Junie (Bookhug Press) is celebrated multi-genre author Chelene Knight's newest book, and it showcases her talent for truth-telling, with authentic characters who leap from the page and neighbourhoods that feel like you're right there on the sidewalk with the locals.
Following Junie into adulthood, the novel is gripping, wise, and thoughtful, celebrating the Black lives Knight creates on the page while unflinchingly charting the unjust barriers her characters struggle against. Junie shines throughout in both third and first person perspectives, from child to woman, an unforgettable character.
We're excited to share an excerpt from Junie today, courtesy of Book*hug Press. Here we follow Junie as she explores her new world, meets a friend who will become important in her life, and witnesses the subtle early warnings of her mother's growing addiction.
Excerpt from Junie by Chelene Knight:
I PRESS MY FACE against windows—shops, cafés, hardware stores, and boutiques. The misshapen, uneven, rusted metal sheets used for fencing in some yards are charming. I take note of the sawdust, hickory, and smoke in the air. The whistle of the trains in the distance, a sign of dialogue. The men who work on the trains walk to work looking regal in their freshly pressed uniforms. My thoughts deviate and I wonder about all the pain they carry when they walk back home. I wonder if rest ever finds them. What colour would that be? I can’t stop the questions that pour in. The men who work on the trains cater to white folk, making sure they are comfortable. I’ve heard the sleeping car porters are on call twenty-four hours a day. Polishing some man’s shoes deep into the night or carrying in some drink, careful not to spill as the train jostles. All day. All night. But why? Why does the world want to drain the soul out of them? What would it look like to just breathe and think and paint and slow down and just exist? My ears perk up as bits and pieces of conversations swim through the open curtainless windows I pass. I follow the loud yelps from men sitting on the steps outside, passing a cigarette back and forth, and ogling the finely dressed women walking by. I need to capture all of it. I want to make the world sit inside this beauty. Then, I hear Mama’s voice telling me to stop asking so many damn questions, even the ones in my head, and my thoughts simmer down to a dull hum.
3.
Junie surveyed the room as she entered the poorly lit, cramped classroom. She spied a small window and was instantly hypnotized by the rain that pelted down on the outside of the glass. Miss Shirley’s voice cracked open her concentration. She couldn’t hold back her nervous smile as she tugged at the hem of her homemade dress patched together by someone else’s mother, and made from a thin fabric that itched. Junie wriggled her bony but lotioned knees, bending them awkwardly underneath her dark stockings. She caught a glimpse of a smiling girl in the back row, her hair gleaming. Junie’s own hair was self-braided into thick pigtails that jutted out at an awkward angle because she could never part her hair evenly. The girl’s shoes were a pristine, glossy red, like roses dipped in melted pig’s fat.
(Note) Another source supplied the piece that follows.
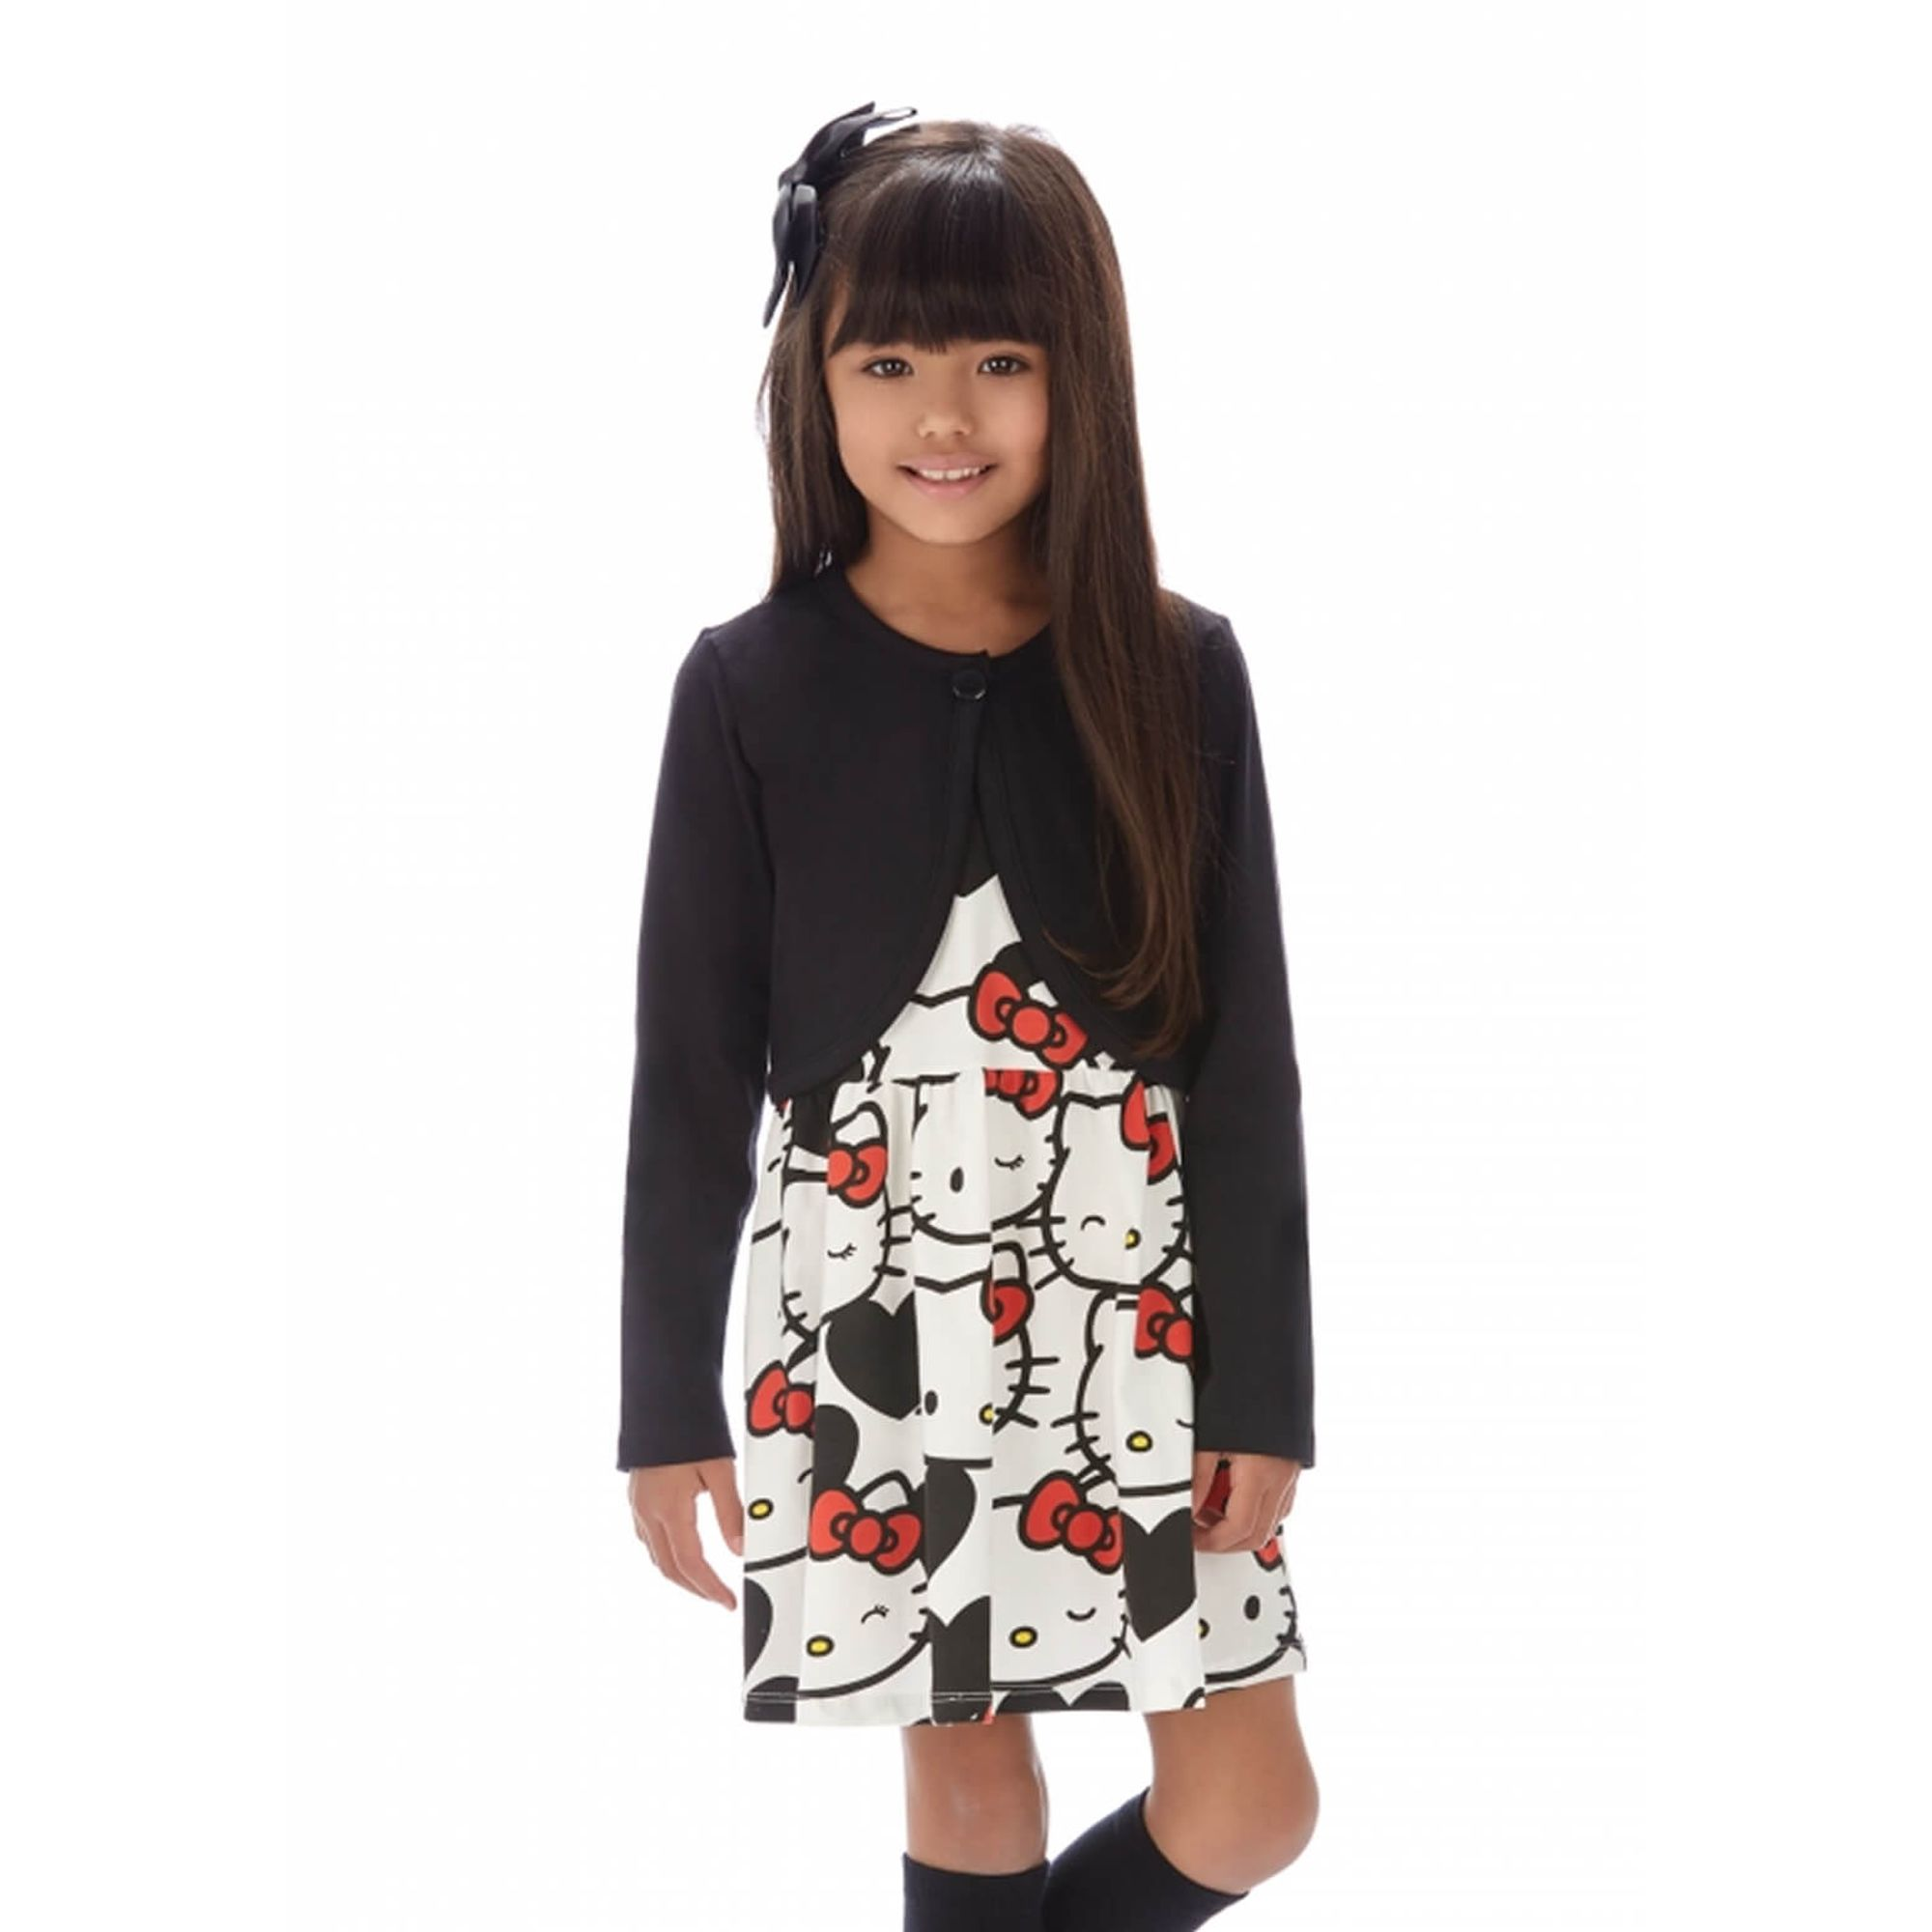 vestido-menina-hello-kitty-e-bolero-preto-em-cotton

Junie had never seen anyone wearing shoes so fancy, at least not at school. Her heart fluttered. She looked down at her own shoes, one sole still running away.
“Class, this young lady here is Junie. She and her family just moved here from the other side of town, and I want you all to make her feel welcome.” Miss Shirley had her thick hand planted on Junie’s shoulder as they both stood at the front of the class. Junie fought the urge not to look up at the berry red of her lips.
“Now you go on and take that seat next to Estelle there.” Miss Shirley pointed at the girl with the gleaming tresses, who immediately sat up straighter. “And, Estelle, you share your reader with Junie until I can get her one from storage, you hear?”
“Yes, Miss Shirley.” Estelle fussed around in her desk and pulled out her book and scooted herself closer to Junie.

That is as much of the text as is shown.